– Это не вывод! – усмехнулся Иван Алексеевич. – Это я так; вижу, что все так делают, что это необходимо, – и формулировал, а настоящего вывода я не сделал. Как я могу сделать вывод? Вот карты, одному повезло, другому не повезло, и ничем тут не поможешь; так же и жизнь: я живу, кормлю свое семейство – мне везет, а вдруг – не повезет? Ведь я не могу об этом вперед сказать, и кто – бог тут действует или маммона? Одно знаю, что надо уйти в монастырь, но опять, как я уйду? Ведь я – раб своего семейства, я – не я, я во множественном числе…
– Утешались на ложе своем, вот вам и последствие! – сказал кто-то из освободившихся картежников.
Иван Алексеевич на это ничего не ответил, но только жилки его на висках как-то уж очень подозрительно надулись, как канаты стали.
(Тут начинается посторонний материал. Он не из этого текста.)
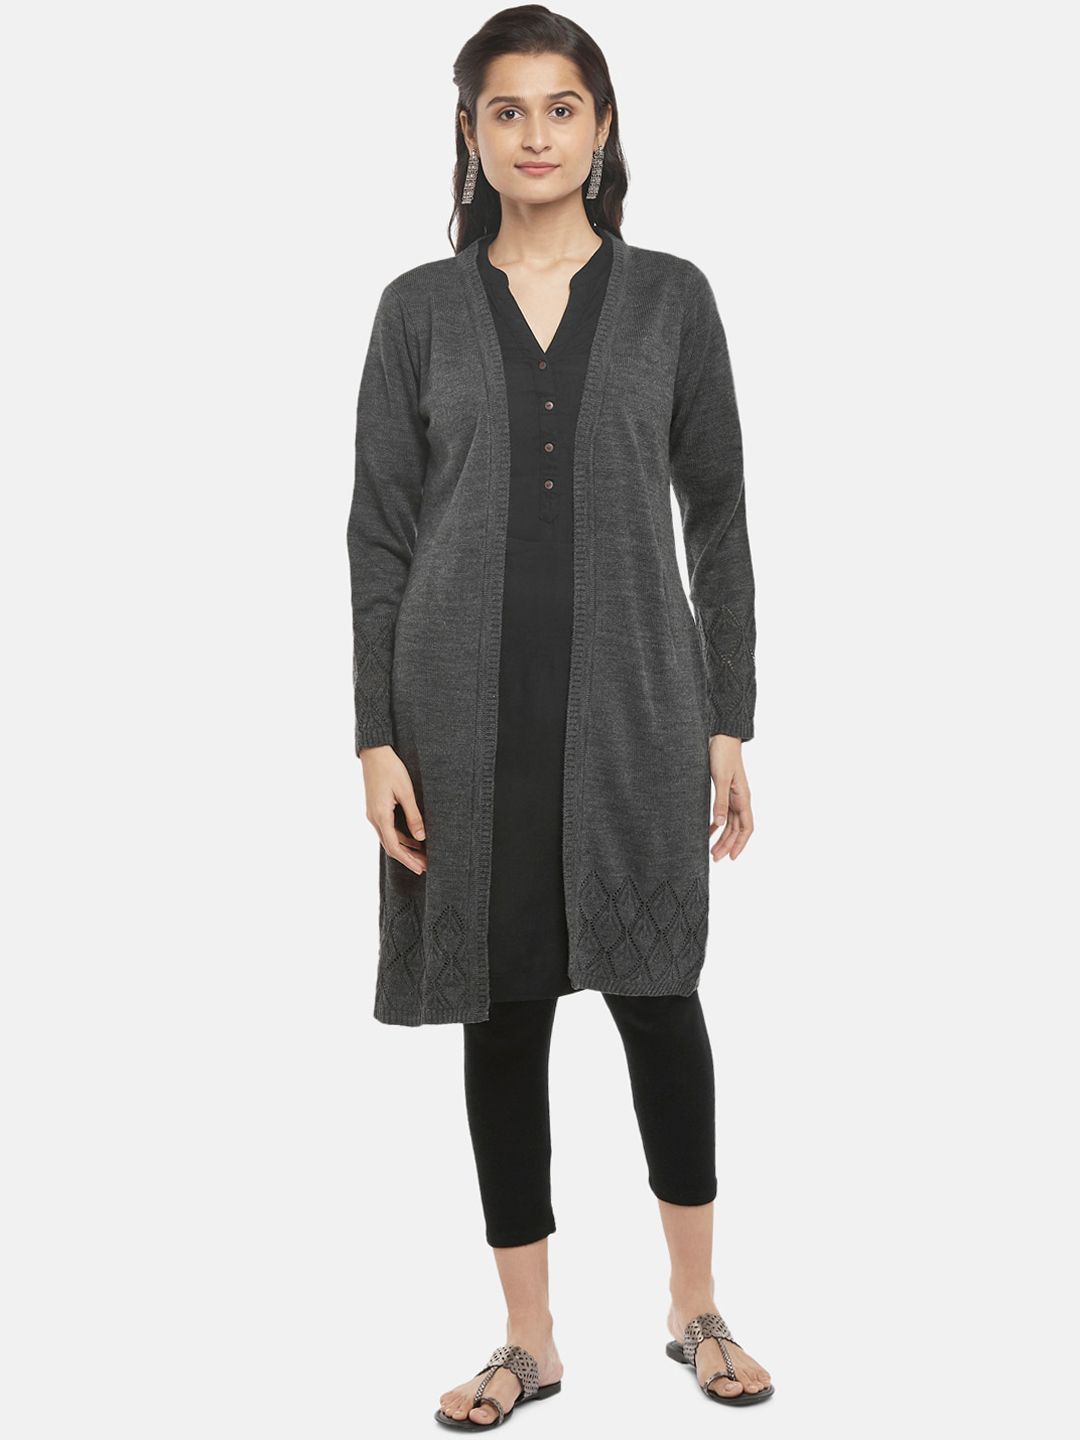 RANGMANCH BY PANTALOONS Women Charcoal Grey Acrylic Longline Open Front Jacket Price in India
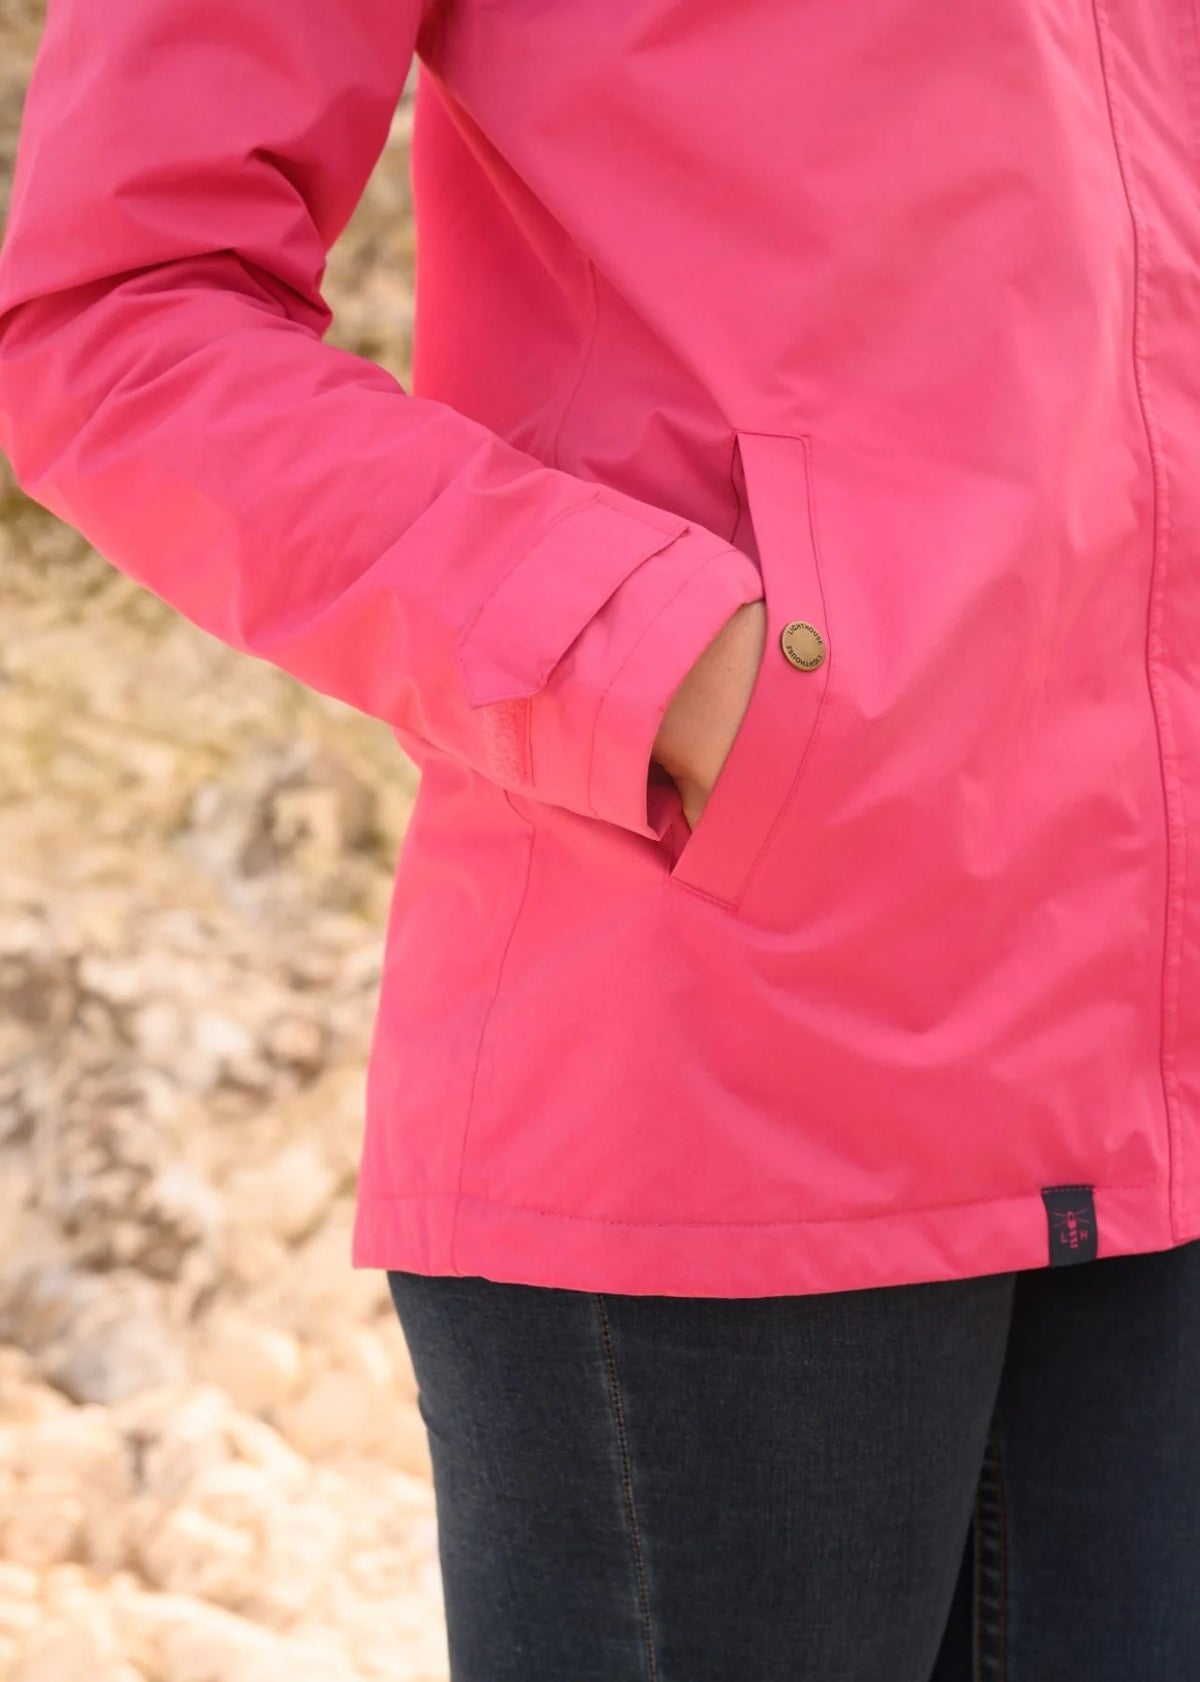 Lighthouse women's Beachcomber waterproof jacket in Pink with popper pockets.

А вот теперь вижу я, как везут Ивана Алексеевича по мерзлой, каменистой дороге; виски по-прежнему седые, а жилок не видно, нос заострился, но лицо не успокоилось; вся голова болтается из стороны в сторону, словно летящие белые мухи щекочут и беспокоят ее: мухи направо – голова налево; мухи налево – голова направо; качается и качается…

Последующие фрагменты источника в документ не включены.